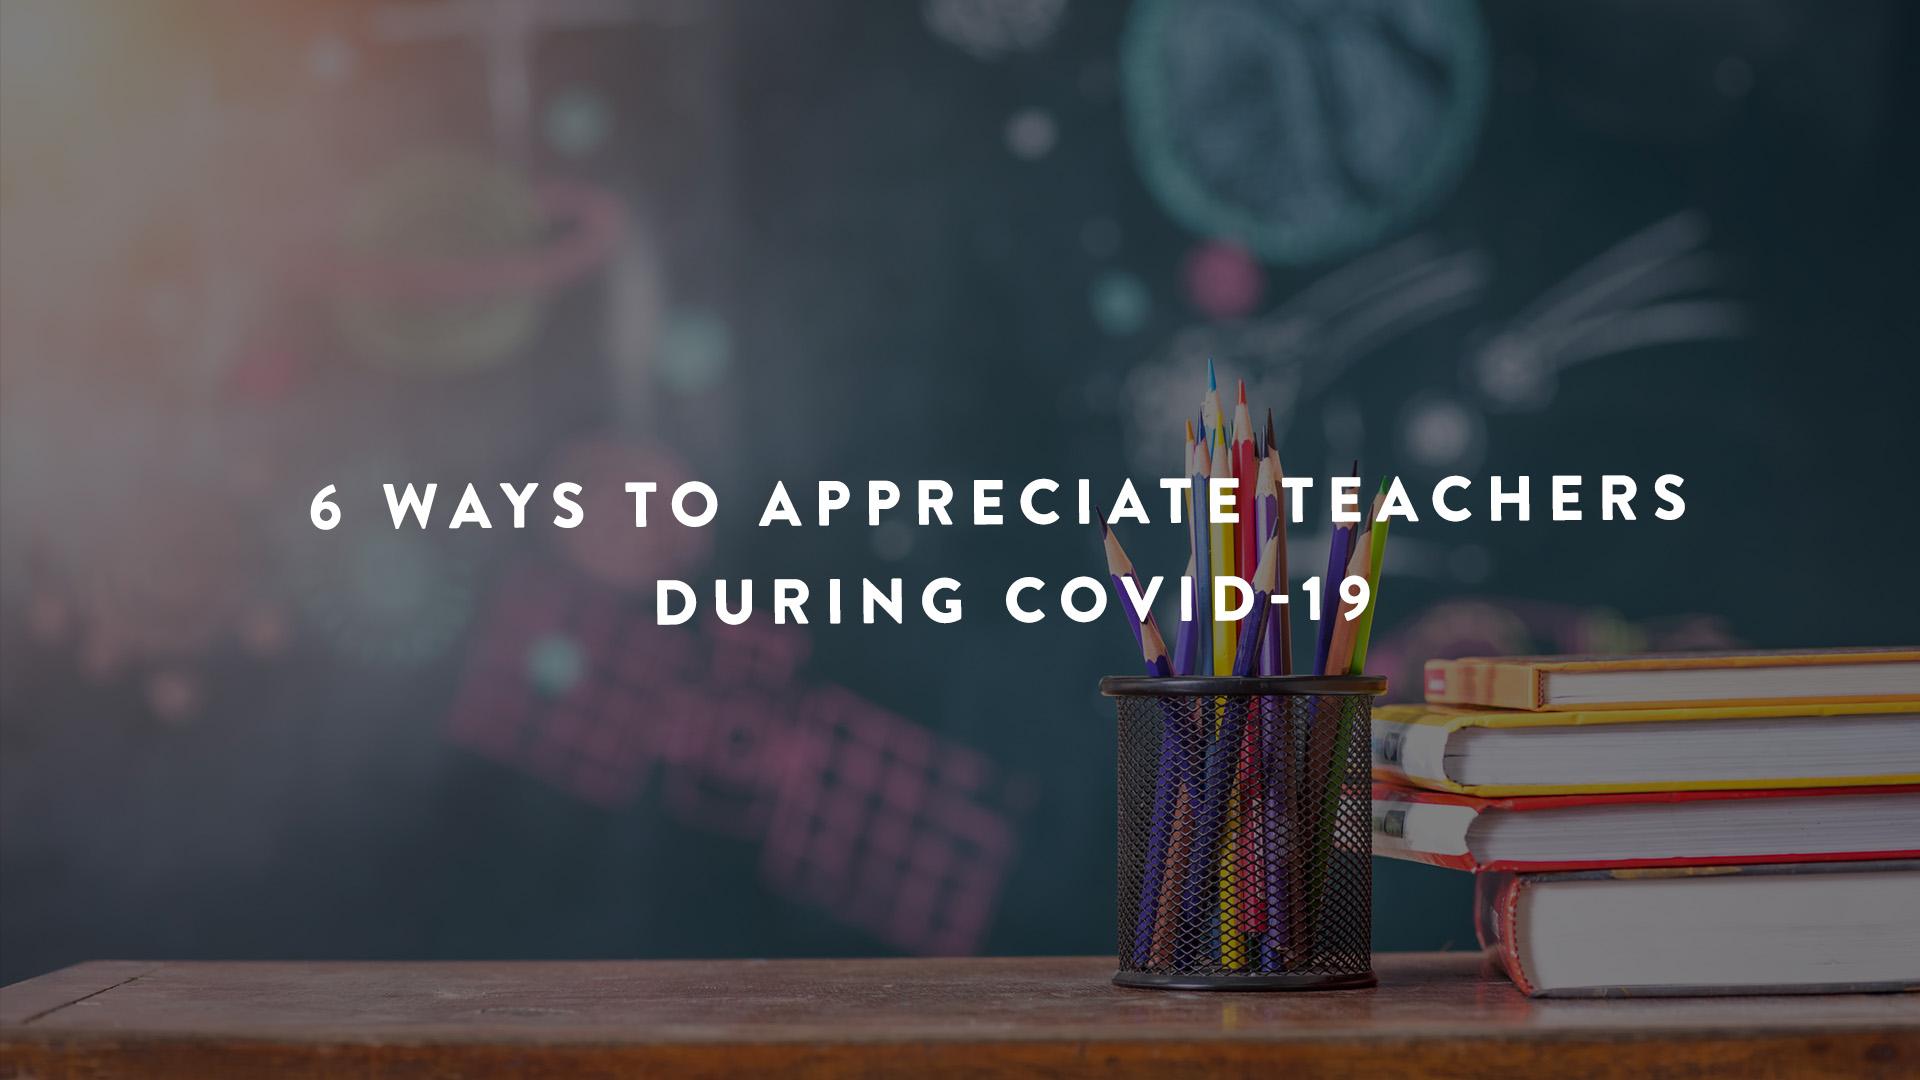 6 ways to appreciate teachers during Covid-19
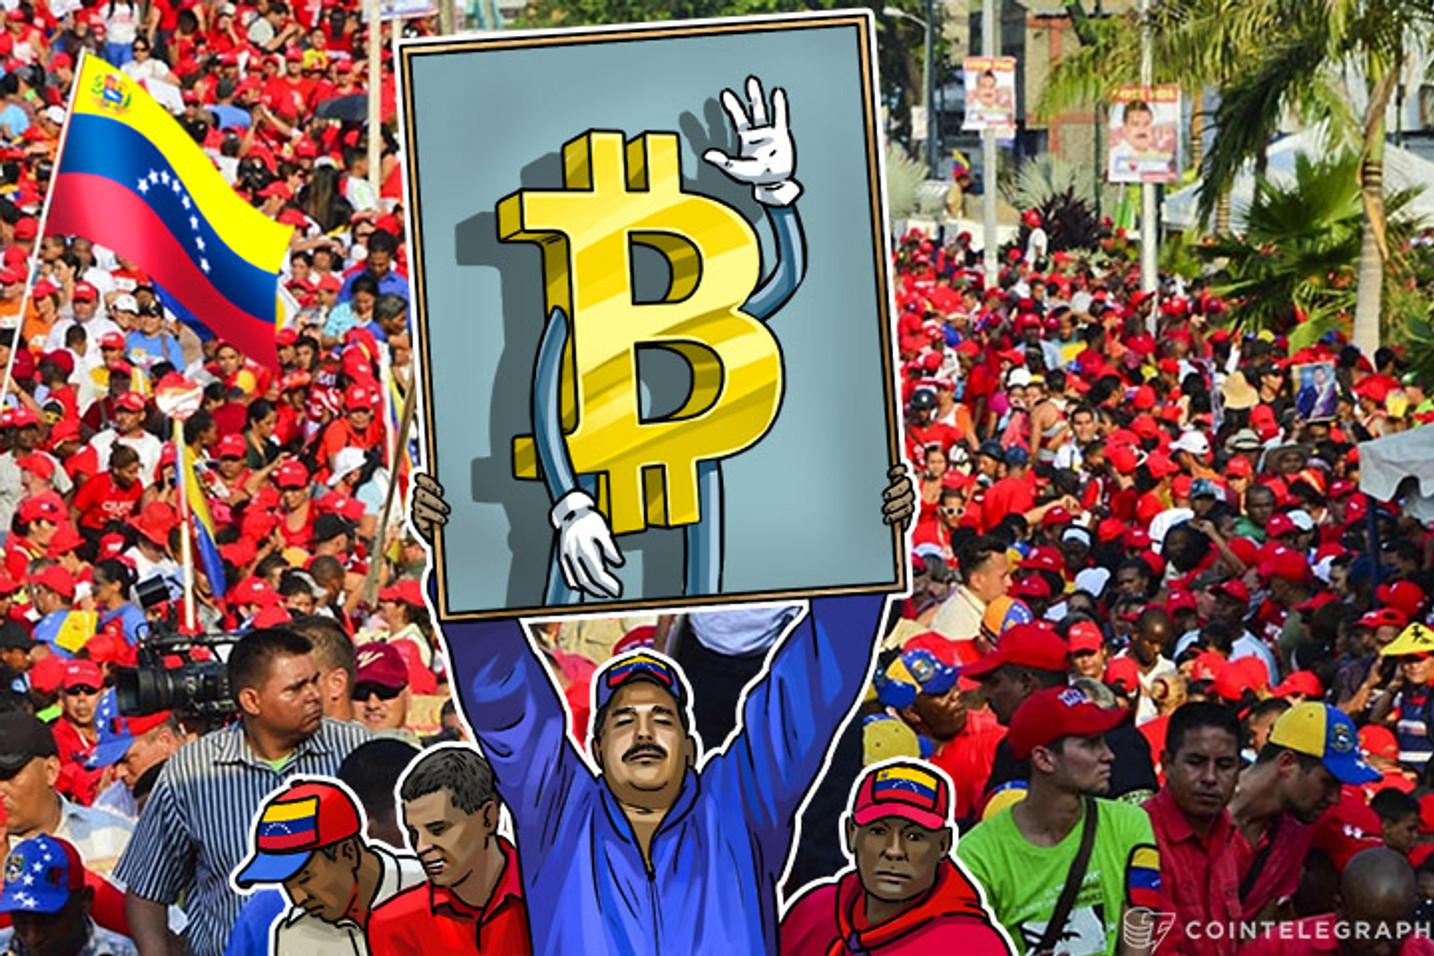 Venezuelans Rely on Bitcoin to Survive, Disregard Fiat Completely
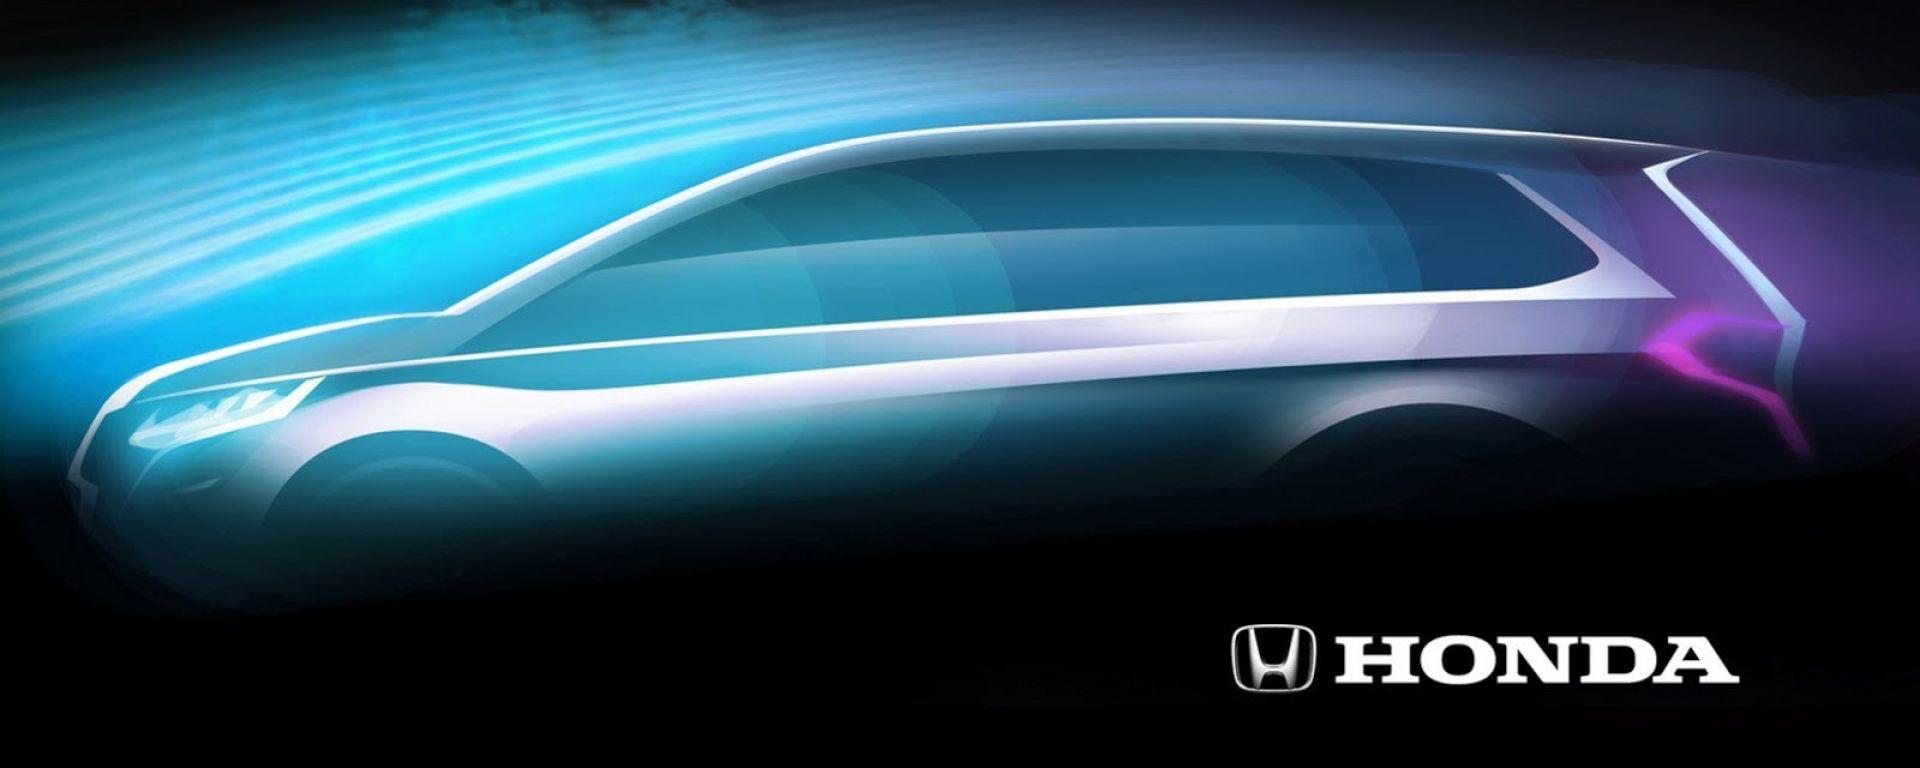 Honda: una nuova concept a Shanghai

» **Exercise description**
From the line that contains "Venezuelans Rely on" to the last line of the data, print each line exactly, both ends included, and omit the pictures.

» **Written response**
 Venezuelans Rely on Bitcoin to Survive, Disregard Fiat Completely
 Honda: una nuova concept a Shanghai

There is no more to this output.